Attaching the Okumi

Today feels really productive. I cut down the okumi, overlap panels, cut open the migoro, body panels, and pinned everything together.

White fabric lays across a wooden table. The outside edges of the fabric are each studded with pink-headed straight pine.

Stitching the okumi on to the migoro is progressing nicely, and I’ll likely finish before I go to bed. That should probably read I won’t go to bed until I finish.

I’ve been thinking about all the kosode I’ve made. This one is almost the same, but so far, the differences are immense.

The fabric choice. I’ve made kosode from multiple weights of cotton and linen. Nothing compares to how fine working with the silk is. I’m sitting with the majority of the garment in my lap while stitching and it’s just so light and folds down so small.

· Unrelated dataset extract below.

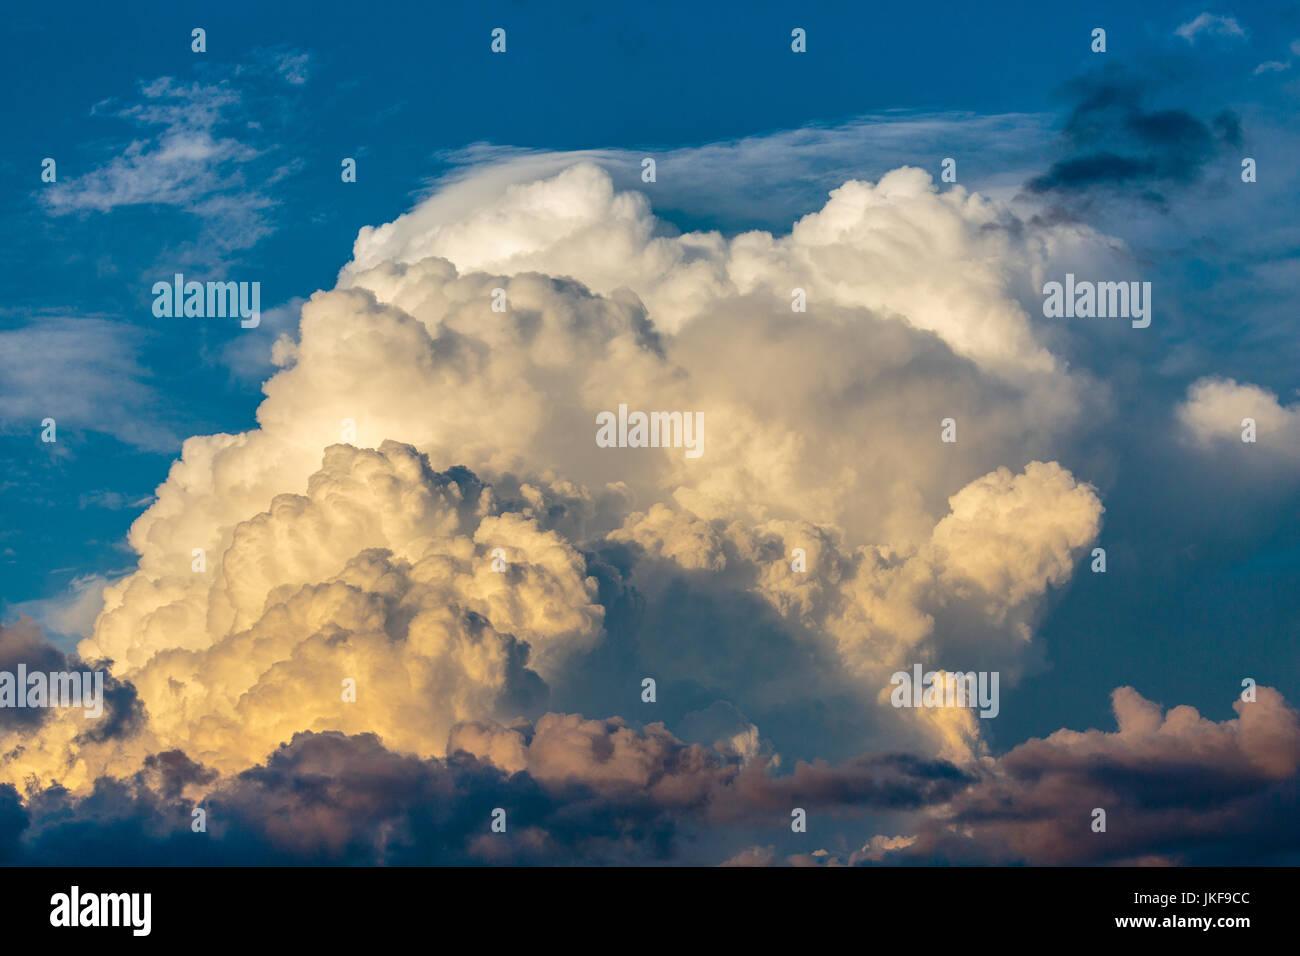 Cumulonimbus cloud against a Wisconsin blue sky in July - Stock Image
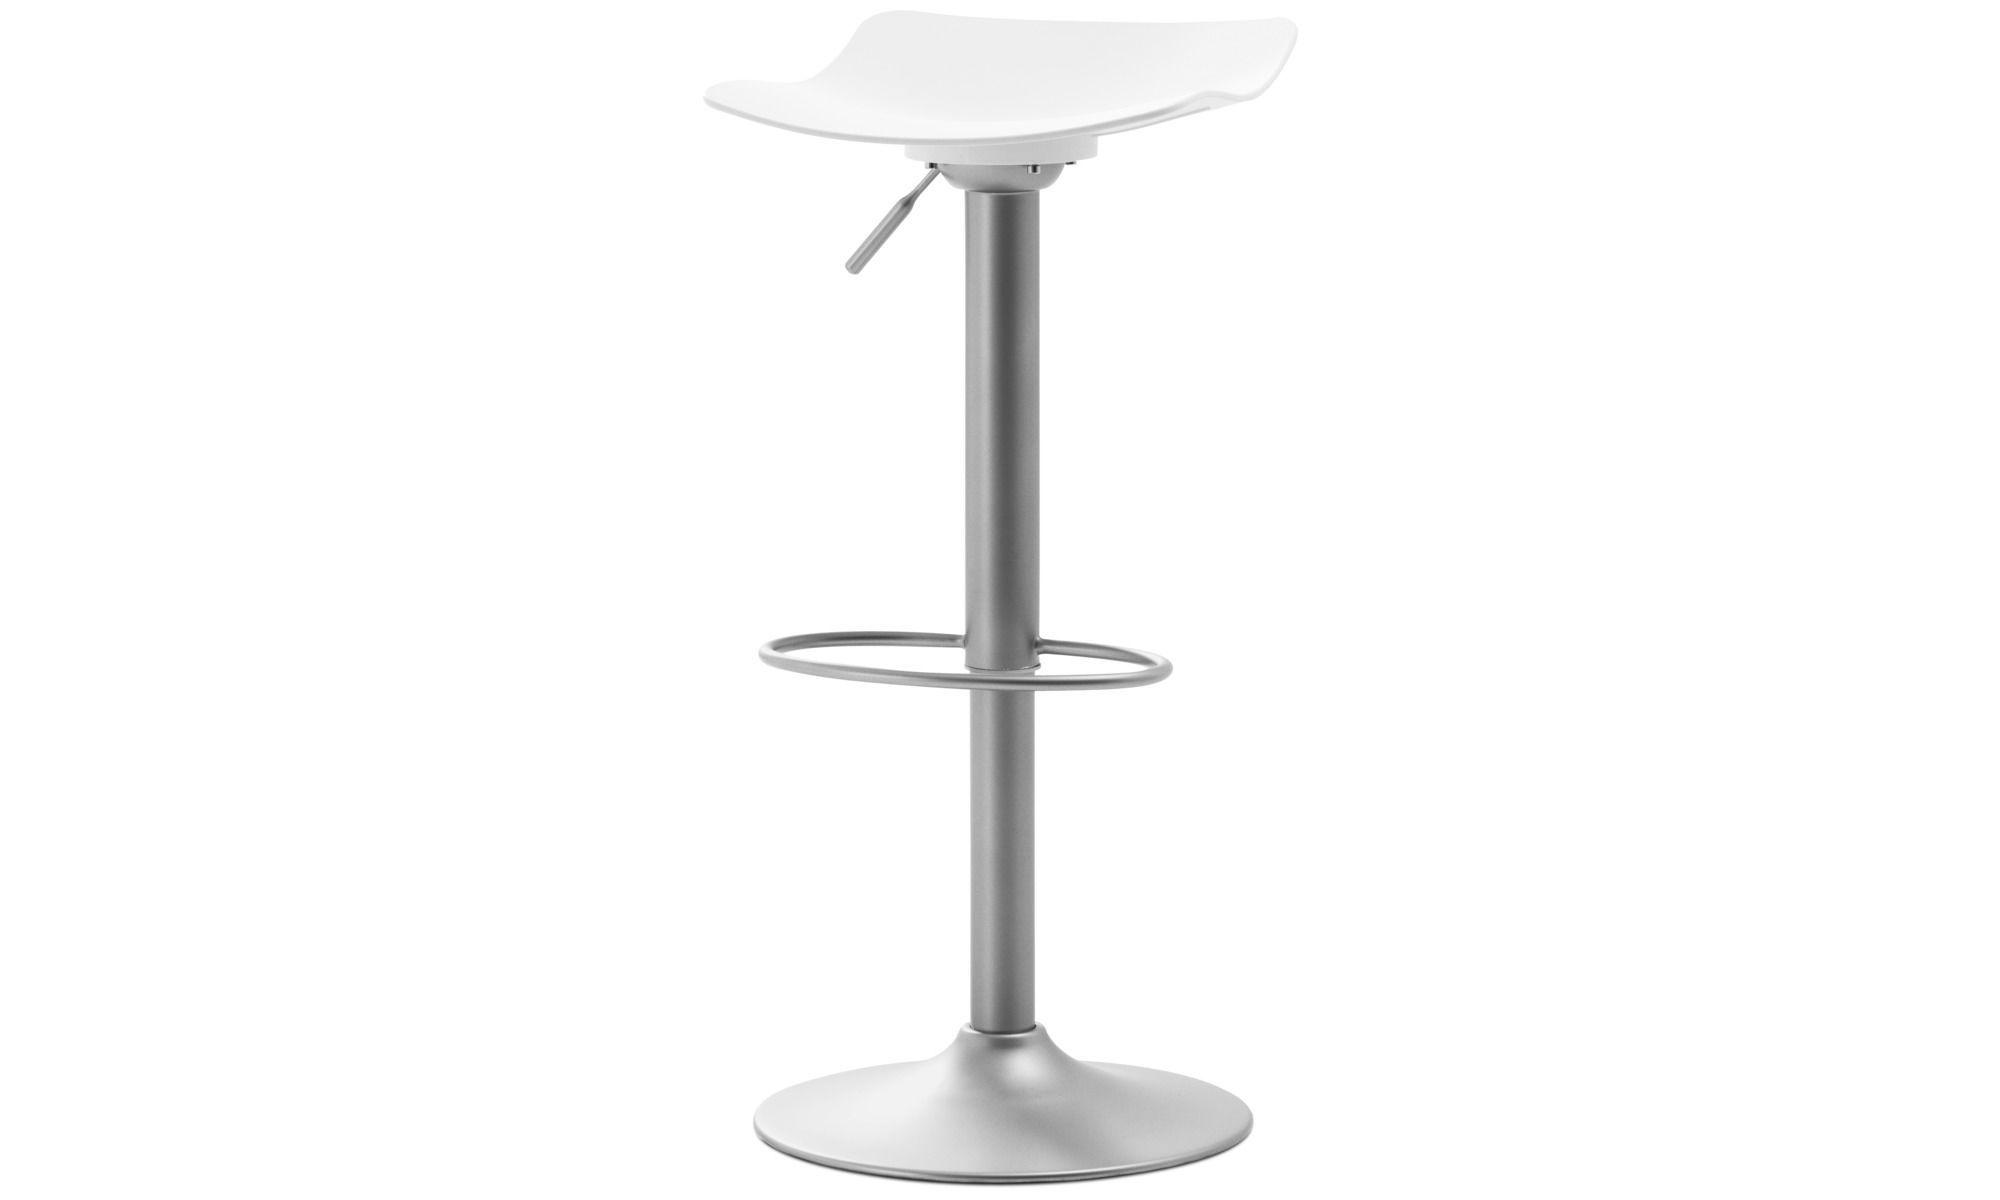 Barstools Torup Barstool With Gas Cartridge White Plastic Bar Stools Contemporary Bar Stools Modern Bar Stools

Stitching. It is taking eons longer to sew by hand than it did by machine. My seams are just as straight. The machine has more precision in stitch length. But my little running stitches don’t randomly produce bobbin vomit (this is when the bottom or bobbin thread on the machine gets loopy and becomes this awful mass of thread). I’m also enjoying sewing by hand for the sheer lack of noise. Sewing machines are loud. Tension is a toss up between the two.

A different take / On a tune I heard before / Once upon a time / Meter and rhyme – changed, but / This feeling has the same score.